A chemical commonly found in food and drink packaging has the potential to affect embryonic brain development, say US scientists.
The chemical, Bisphenol A, can be found in the lining of food and drink packaging, including some plastic bottles and in the lining of metal cans. It is used to protect against contamination and extend the content's shelf life.
Known as BPA, the chemical has also been found in some baby bottles. Last year the federal government announced a voluntary phase-out of BPA use in polycarbonate baby bottles.
Outlined in the journal Proceedings of the National Academy of Sciences on Tuesday, the study got pregnant mice to ingest the chemical and then studied the neurons from the offspring to establish the effect of BPA on brain development.

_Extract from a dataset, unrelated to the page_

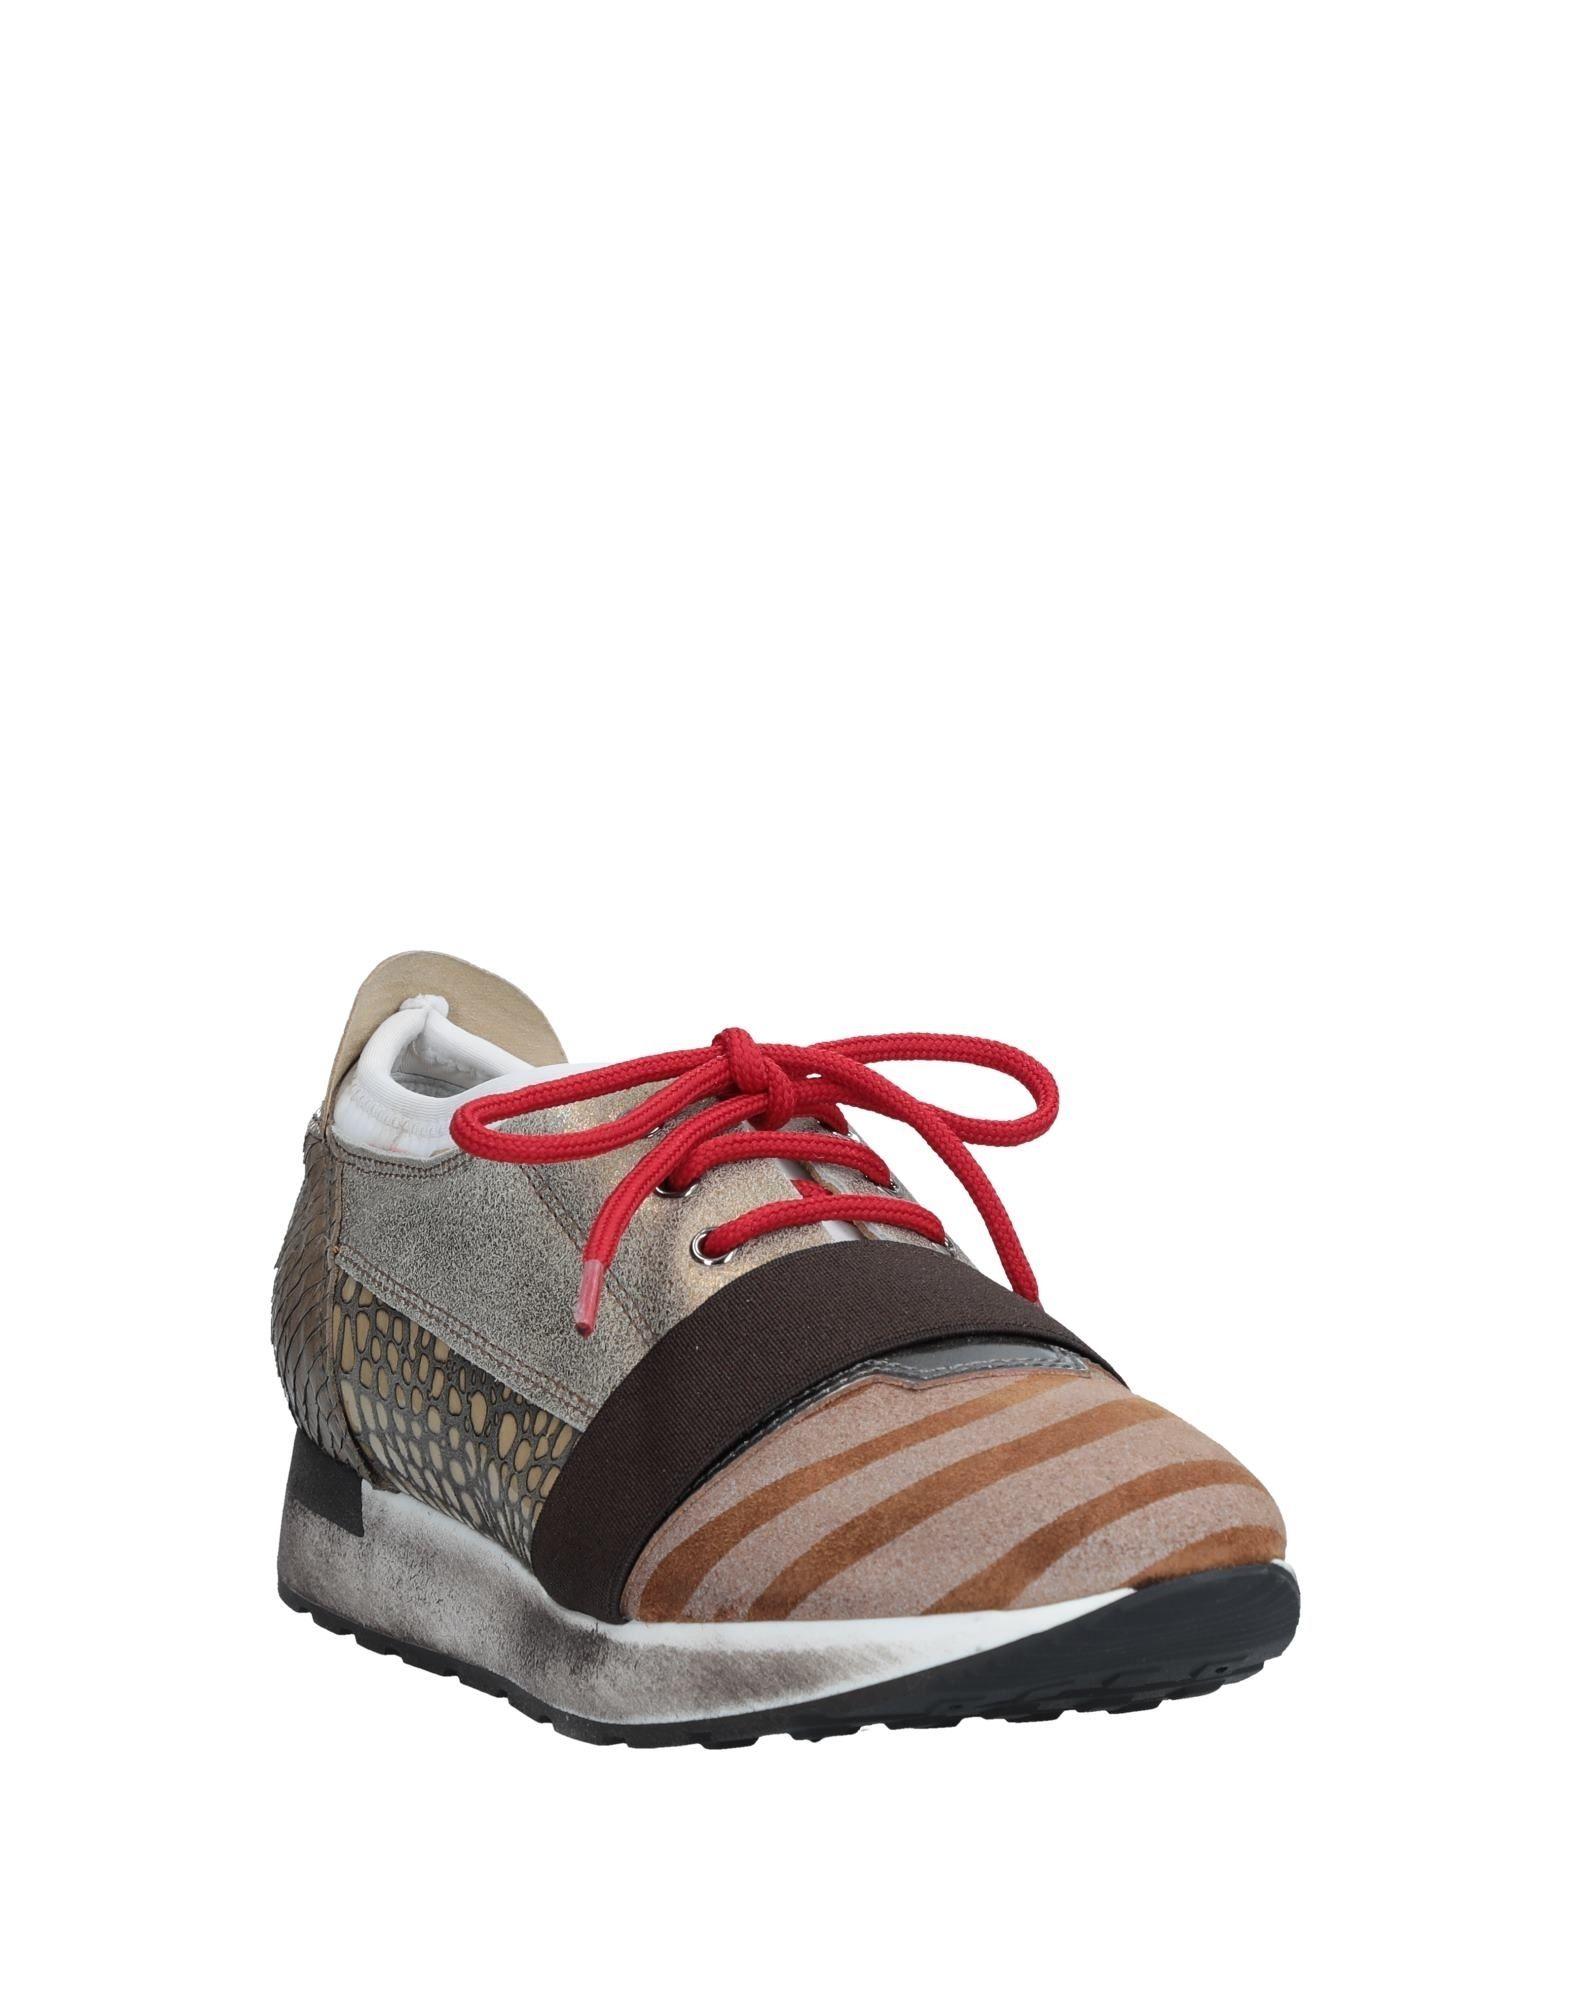 Ebarrito Gute Sneakers Damen  11537665HG Gute Ebarrito Qualität beliebte Schuhe fc7710

"Our study found that BPA may impair the development of the central nervous system," said neurologist and lead author Wolfgang Liedtke from Duke University. "[It] raises the question as to whether exposure could predispose animals and humans to neurodevelopmental disorders."
The chemical was capable of oppressing a gene vital to nerve cell function and to the development of the central nervous system. However local researchers said the amounts of BPA studied did not reflect normal consumption rates.
Neuroendocrinologist Wah Chin Boon from the Florey Institute of Neuroscience and Mental Health said the dosage used in the study was 20 times higher than the amount approved by Australian, New Zealand and American food standards bodies.
"The approved level is a lot higher than what someone would consume anyway, so it is very unlikely someone would consume that volume," Dr Boon said.
Australia, New Zealand and America have the same maximum consumption standard for BPA at 50 micrograms per kilogram of body weight per day.
The American study used 10 milligrams per kilogram per day.
"I don't think a person could consume that much," she said.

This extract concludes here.